Undesignated statutory references are to the Vehicle Code.
BACKGROUND
A.
At around midnight on October 29, 2017, California Highway Patrol Sergeant Christopher Brewer saw a group of motorcycles driving at a high speed and began to follow them. One of the motorcycles, driven by Brown, then accelerated ahead of the others. Sergeant Brewer followed Brown for several miles. A video recorded the events and was played for the jury.
For approximately half of a mile, Sergeant Brewer followed closely behind Brown's motorcycle at speeds up to 90 miles per hour. Sergeant Brewer then activated his overhead emergency lights and chirped the siren several times to make an enforcement stop. Brown pulled toward the right shoulder. On a loud speaker, Sergeant Brewer directed Brown to exit the freeway. However, Brown accelerated, crossed the triangular-shaped zone of the exit ramp that divides the ramp from the highway, and rode back onto the highway. With his siren and emergency lights activated, Sergeant Brewer pursued Brown for about three more miles.

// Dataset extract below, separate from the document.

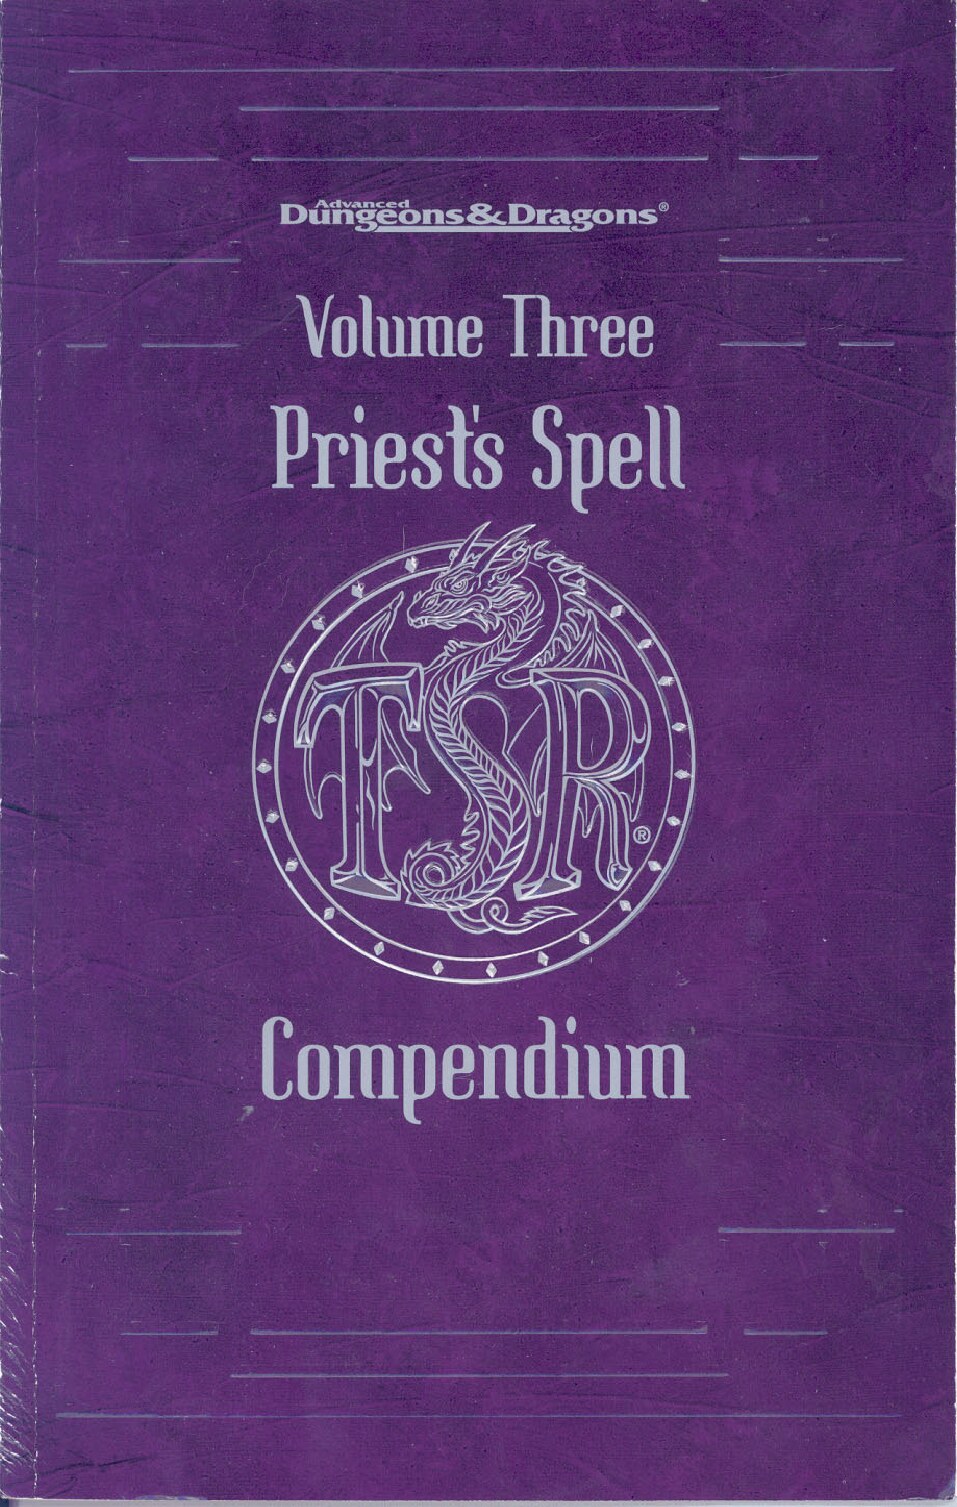 Priest's Spell Compendium: Volume Three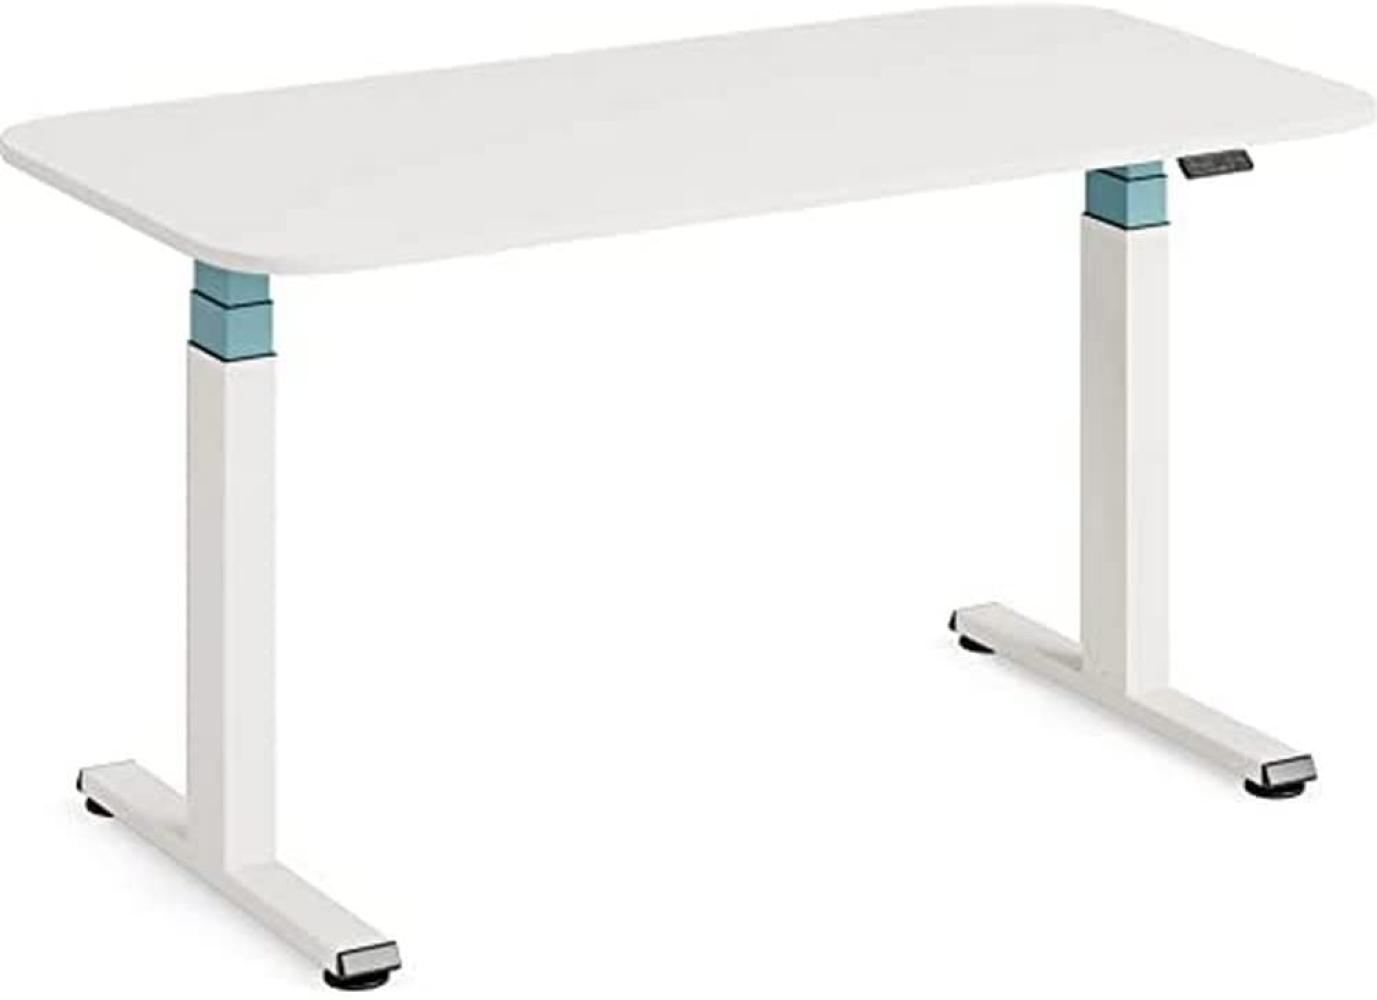 Steelcase Solo höhenverstellbarer Sitz-Steh-Schreibtisch mit Tischplatte in Snow und Gestell in Pearl Snow mit der Akzentfarbe Lagune (140 x 70 cm) Bild 1

At one point, while driving about 80 mph, Brown "squeezed in between" two cars (a maneuver called lane-splitting, which motorcyclists typically do when traffic is slow or stopped). Sergeant Brewer testified "[a]t this speed, you should not be splitting traffic. The traffic is going the speed limit. You should not be splitting. It's too dangerous." Sergeant Brewer explained that, though lane-splitting is not illegal per se, Brown violated the Vehicle Code by following the other vehicles too closely at an unsafe speed (§ 22350). A difference of more than 10 mph between the speed of traffic and the speed of the motorcycle is considered unsafe.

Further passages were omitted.